In the 1970s, Bodega was home to a doll museum.

===In popular culture===
In 1963, some locations in Bodega was used for exterior filming in Alfred Hitchcock's film, The Birds. These locations were presented as being in the nearby shore village of Bodega Bay, where the film was set and most location shooting was done. Bodega's Potter School (now a private residence) was used as the Bodega Bay School in a key scene in the movie. A façade of a house was constructed just down the hill from the schoolhouse as the setting for the home of the character Annie Hayworth (Suzanne Pleshette). Bodega's general store also appeared "as itself", though it has since been moved from its original site.

==Government==
In the California State Legislature, Bodega is in the 2nd Senate District and the 2nd Assembly District.

In the United States House of Representatives, Bodega is in .

At the county level, Bodega is in Sonoma County's 5th supervisorial district.

==Education==
The school districts are Harmony Union School District and West Sonoma County Union High School District.

There is an elementary school in the nearby village of Bodega Bay but no educational facilities in Bodega itself.

==Infrastructure==

===Transportation===
The main road through town is Bodega Highway, which runs east to Freestone and Sebastopol and south to State Route 1 less than 1 mi away.
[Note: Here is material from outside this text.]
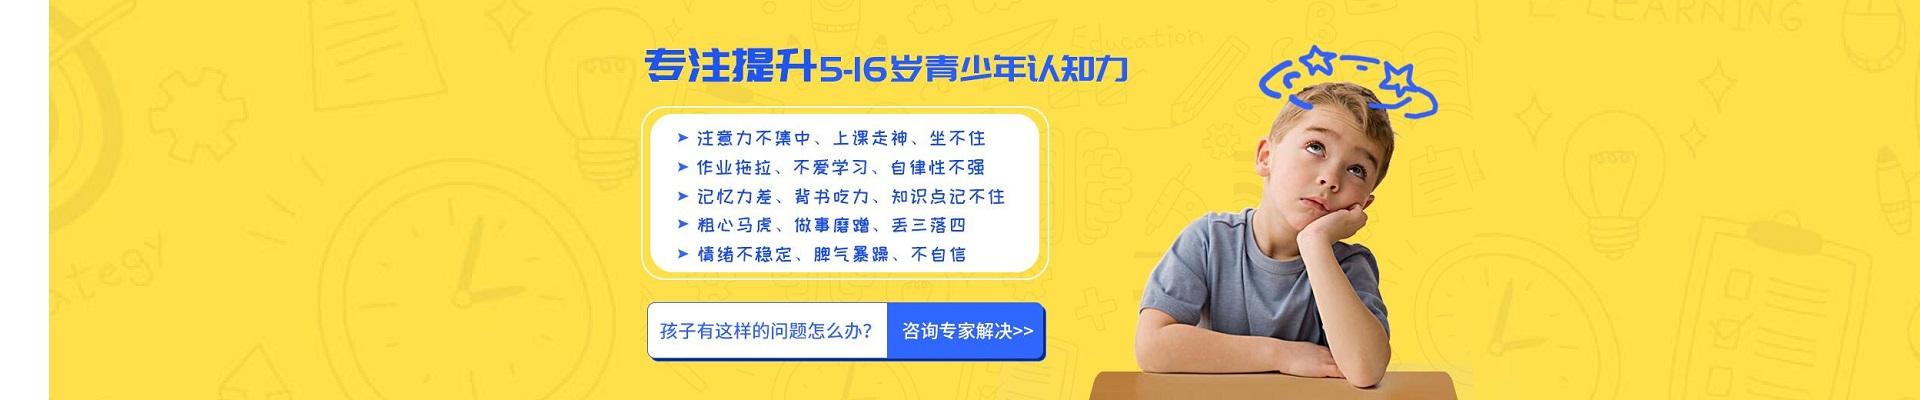 博沃思教育-重慶青少年認知力機構

State Route 1 provides access to the neighboring towns of Bodega Bay and Valley Ford.

The Mendocino Transit Authority provides bus service to Bodega. Routes 75 and 95 stop at Bodega two times a day. An eastbound one at 10:25 am, and the same one returning westbound at 4:55 pm.

==Notable person==

Thomas Oliver Boggs was a resident for a brief period in Bodega, before leaving for New Mexico, where he witnessed the burial of Kit Carson. Boggs' papers are held in the collection of the Bancroft Library.